4. Where hush puppies come from
Toni Tipton-Martin studied hundreds of cookbooks by African-American authors to write 2015’s The Jemima Code, which pushed back against the stereotype of the untrained black cook. For her follow-up, Jubilee, Tipton-Martin has turned all that research into recipes, and her knowledge leaps off the page (read our recent interview with Tipton-Martin here.) Before telling readers how to make Nigerian fritters called akara, for example, she cites a group of 1970s-era authors who explored the connections between West African and African-American cuisine—and their suggestion that the deep-fried black-eyed-pea balls gave rise to cornmeal-based hush puppies.
5. These are the elements of a superlative Japanese pantry
Among the foremost English-language experts on Japanese cuisine—and a Saveur contributor—Nancy Singleton Hachisu has established deep, long-standing relationships with chefs, growers, and craftspeople throughout her adopted country. In Food Artisans of Japan, she profiles her culinary heroes and shares their exactingly authentic recipes. It won’t take much reading for you to realize your mass-market soy sauce will no longer cut it. Good thing, then, that Hachisu’s picks for miso, mirin, and more are now available stateside.
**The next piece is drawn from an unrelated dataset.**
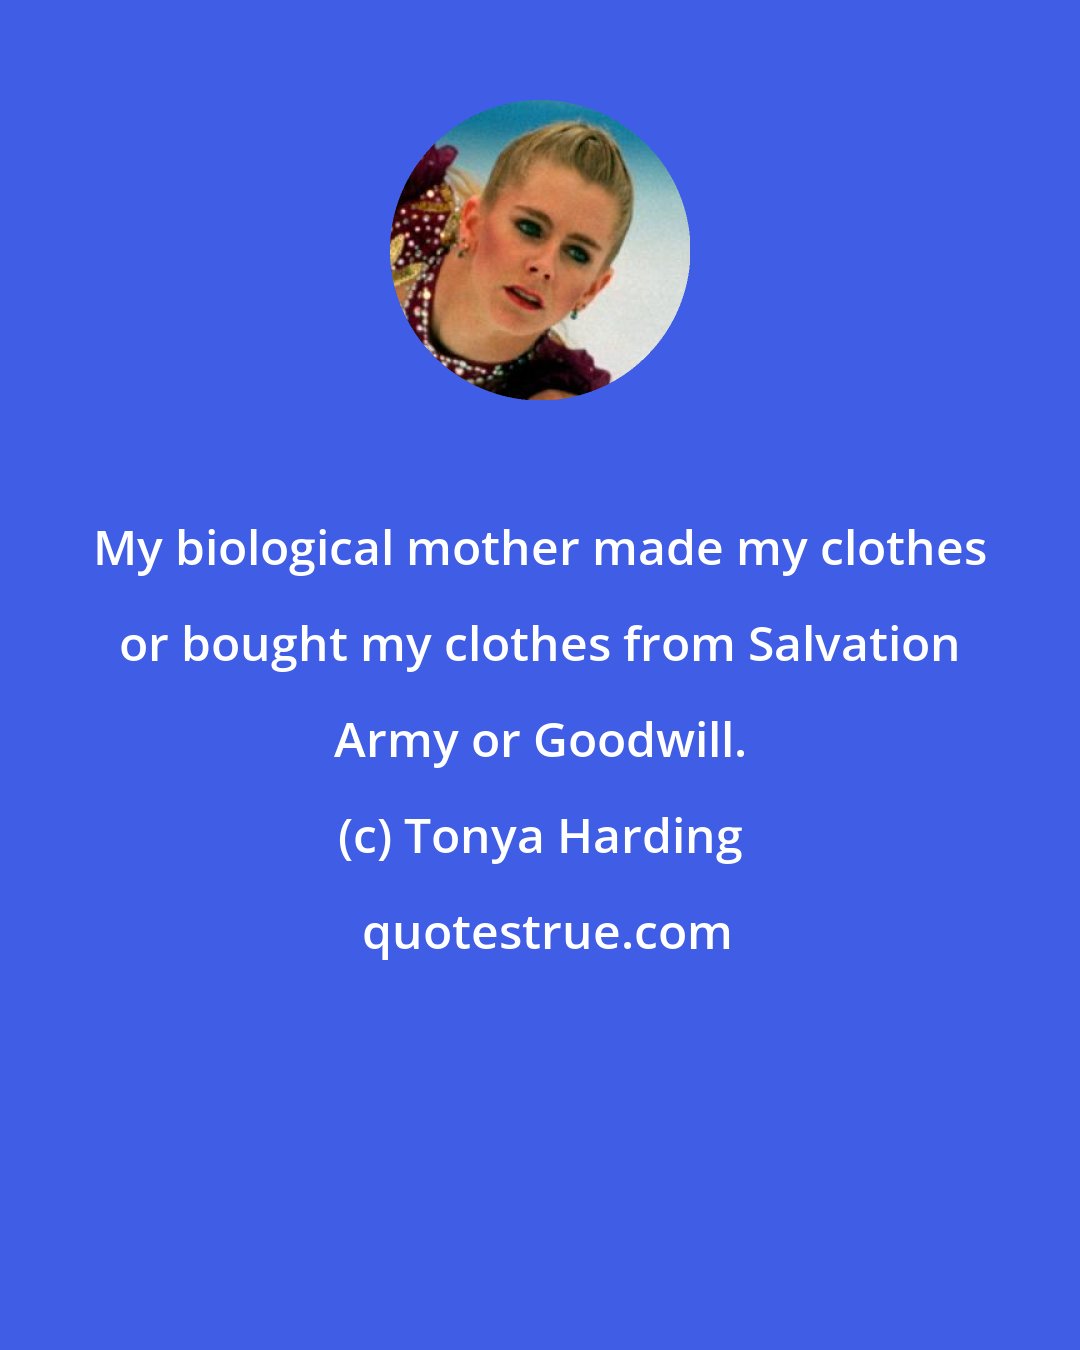 Tonya Harding: My biological mother made my clothes or bought my clothes from Salvation Army or Goodwill.

Read More: How To Stock a Japanese Pantry
6. Four ingredients add up to a fancy cocktail snack
The San Francisco bakery Tartine notoriously published a 38-page sourdough recipe in one cookbook. But while Tartine, a much-expanded reissue of the 2006 classic, has some tricky bits, there are also easier moves, like these maple-glazed pecans. Simply mix the top three ingredients above, coat the pecans, add a pinch of salt, and bake at 400° for 4 to 6 minutes.
7. How to butterfly a fish
In his authoritative Whole Fish Cookbook, Sydney chef Josh Niland, who opened Australia’s first sustainable fish market in 2018, lets these pictures do the talking.
8. It’s time to get to know Lebanese vino
Each edition of The World Atlas of Wine, by Hugh Johnson and Jancis Robinson, includes new maps—they’re a leading indicator of which areas might become the next big thing. Added to the 8th edition are maps of the trendy, high-elevation Italian region of Alto Piemonte; Colorado’s frigid riesling country; and the entire country of Lebanon. The Middle Eastern nation is best known for the culty, long-aged, Bordeaux-inspired reds from Chateau Musar, but there’s more to explore, like white wines made using the obscure grapes obiedeh and merweh, and Ixsir, an impressive, eco-friendly winery in the Batroun district.
9. Rich people can afford to eat less
For Eat Joy, Natalie Eve Garrett assembled a murderer’s row of 31 writers—including Claire Messud, Anthony Doerr, and Chimamanda Ngozi Adiche—who contributed short memoirs that explore the meaning of comfort food. Alexander Chee, author of 2018’s How to Write an Autobiographical Novel, ruminated on a competitive cleanse with his brother—five days of eating only what most folks would consider “discomfort” food:
You should do that cleanse, my brother says. We’re sitting in a raw foods store, in the alcove they provide for people to eat their extraordinarily priced delicious raw vegan snacks. It’s hard for me not to see it all as vegetarianism for rich people, because, well, I am not a rich person, but my brother is now. I feel something like a class obligation lingering for me to pick up on, as I turn the mysterious packages over and read the ingredients: Irish sea moss, Himalayan sea salt, organic figs.
The world, shaken out or down, for a smoothie.